Computational Lab: 2-4-11
- Start with the files acghTable.dat and probeList.dat.
Using the probeIDs as unique identifiers, match each probe's value to
it's position and transform the data for sample "0001" into lff format.
- Take the scores from column "0001" and insert them into the 'score' field of your lff.
- Filter out any probes with no value (or "NA").
- Use "+" for each strand value
- The phase, qstart, and qstop fields should be filled in with dots (".")
- create an attribute-value pair in the 13th column called "sample" with the value "0001"
- deliverables: the ruby script you use to create the lff file
- Upload this data into Genboree (you may either use the API or
upload it manually). Then, use the Segmentation tool (under Tools >
Plugins) to select regions of high copy-number variance. Require that
each segment contain at least 3 probes, and that the score of each
segment exceed two standard deviations from the mean.
- Combine the resulting track with the segmented data from the other 185 tumors (all185.acgh.lff.gz) and select out only those segments that represent gains on chromosome 12, using the Annotation selector tool.
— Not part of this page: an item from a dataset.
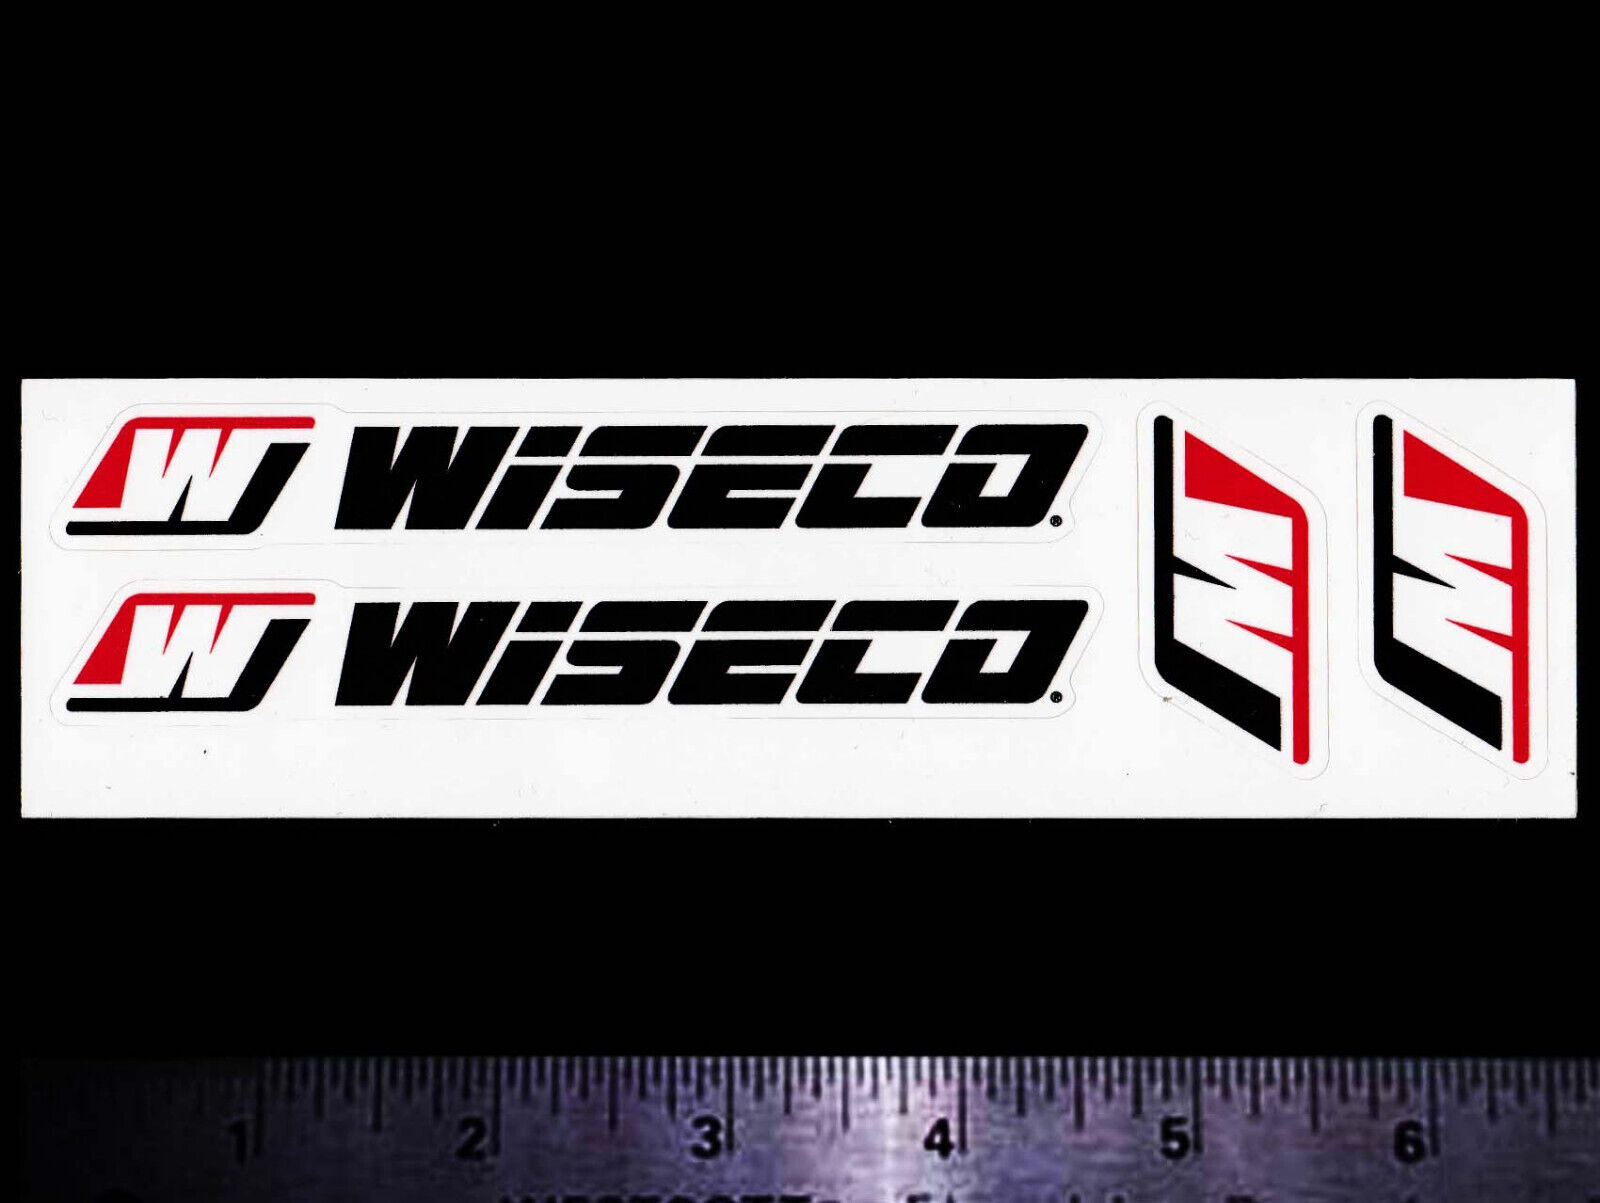 WISECO Pistons - Set of 4 Original Vintage Racing Decals/Stickers

- note: you don't have to unzip the file before uploading to Genboree
- Now, upload the file refSeq.blocked.noSplice.lff.gz
to your database. It will create a track called "RefSeq:Blocked" This
is the refseq genes track with intronic sequences treated as part of
the gene, and all of the the splice variants removed. Use the Attribute
Lifter tool in Genboree to lift in the sample names from chr 12 gains
that hit these genes.
- Click on the track name and use the tabular view to create a table
with two columns - the gene name, and a comma-seperated list of matching
samples. Download this table, then write a small ruby script that
parses this table, and outputs only the few genes that are altered in
more than 20 samples.
- note: the "numIntersects" field is not a reliable
indicator of how many samples match, only how many distinct annotations
match. You'll have to write a script to count the entries in the
samples attribute.
- deliverables: the ruby script that parses your tabular output. You should then submit a list containing two columns: The first column
containing the genes on chromosome 12 that have gains in more than 20
samples, and the second column the exact number of samples that they're
altered in.
All deliverables:
- ruby script from step 1 that creates your lff file
- ruby script from step 5 that parses your table
- two-column output from step 5
This assignment will be due on Feb 18, 2010.
Zip the files up, title the zip with your name, and send them to chiachiw@bcm.edu.
Feel free to contact me if you're having any problems. Email is
usually the best way, and I'll almost always respond within an hour or
two. We can also arrange a meeting - email me and we'll work out the
details.
I'll look over early submissions and if there are major problems,
I'll return them to you and give you a chance to resubmit. Assignments
completed closer to the due date may not get this opportunity.